Francesco Onofrio Manfredini (22 June 1684 – 6 October 1762) was an Italian Baroque composer, violinist, and church musician.

He was born at Pistoia to a trombonist.  He studied violin with Giuseppe Torelli in Bologna, then a part of the Papal States, a leading figure in the development of the concerto grosso.  He also took instruction in composition from Giacomo Antonio Perti, maestro di cappella of the Basilica of San Petronio from 1696 when the orchestra was temporarily disbanded.

Much of his music is presumed to have been destroyed after his death; only 43 published works and a handful of manuscripts are known. To quote his Naxos biography, "His groups of Concerti Grossi and Sinfonias show a highly accomplished composer, well versed in the mainstream Italian school of composition."

Career
Although he composed oratorios, only his secular works remain in the repertoire.  A contemporary of Johann Sebastian Bach and Antonio Vivaldi, his extant work shows the influence of the latter.

He became a violinist, c. 1700, in the orchestra of the Church of San Spirito in Ferrara.  In 1704, however, he returned to Bologna, employed again in the re-formed orchestra of San Petronio.  He became a member of the Accademia Filarmonica in the same year he published his first compositions, a set of twelve chamber sonatas he named Concertini per camera, Op. 1.  In 1709, he also published Sinfonie da chiesa, Op. 2; ostensibly chamber pieces, they, in fact, complemented the earlier chamber sonatas.
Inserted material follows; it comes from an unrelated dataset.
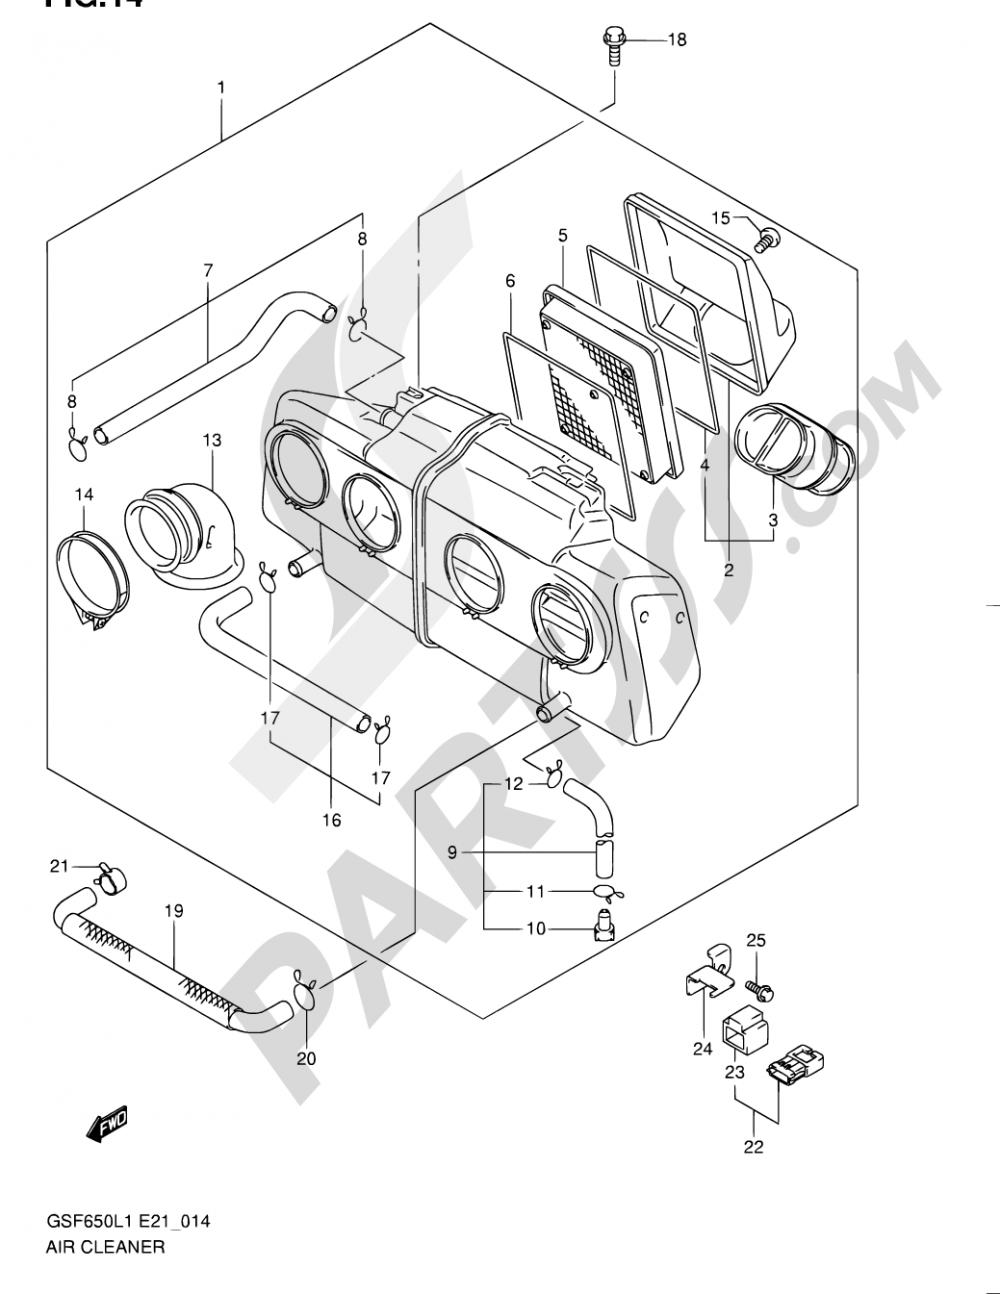 14 - AIR CLEANER Suzuki BANDIT GSF650SA 2011

After 1711, Manfredini spent an extended stay in Monaco, apparently in the service of Prince Antoine I. The prince had been a pupil of Louis XIV's favorite composer Jean Baptiste Lully, whose conductor's baton he had inherited.  The precise nature of his relationship to the court of Monaco, and the length of his stay, are not known.  Manfredini is first mentioned in court records in 1712.  In 1718 he would publish, in Bologna, his Concerti Grossi for two violins and basso continuo, Op. 3, Nos. 1–12 which is dedicated to that ruler. Also copies of his Sinfonie, Op. 2 were found in the princely library.  One indication of the nature of the relationship is that Prince Antoine stood as godfather to Manfredini's son Antonio Francesco; four other children were born to him during his stay in the principality.

Given even this slim evidence, it can be inferred that both parties were satisfied by the arrangement since the composer does not reappear in the historical records until the year 1727, when he had returned to Pistoia as maestro di cappella at St. Phillip's Cathedral, a post he would hold until his death in 1762.

The Naxos label has released a 1991 recording of the Opus 3 (catalog number: 8.553891), recorded by the Slovakian Capella Istropolitana, conducted by Jaroslav Krček.  The liner notes further suggest that his name "may have...disappeared had he not composed a Christmas Concerto (No. 12 of Op. 3).... [T]hese concerti grossi...demonstrate a gift for easy melodic invention."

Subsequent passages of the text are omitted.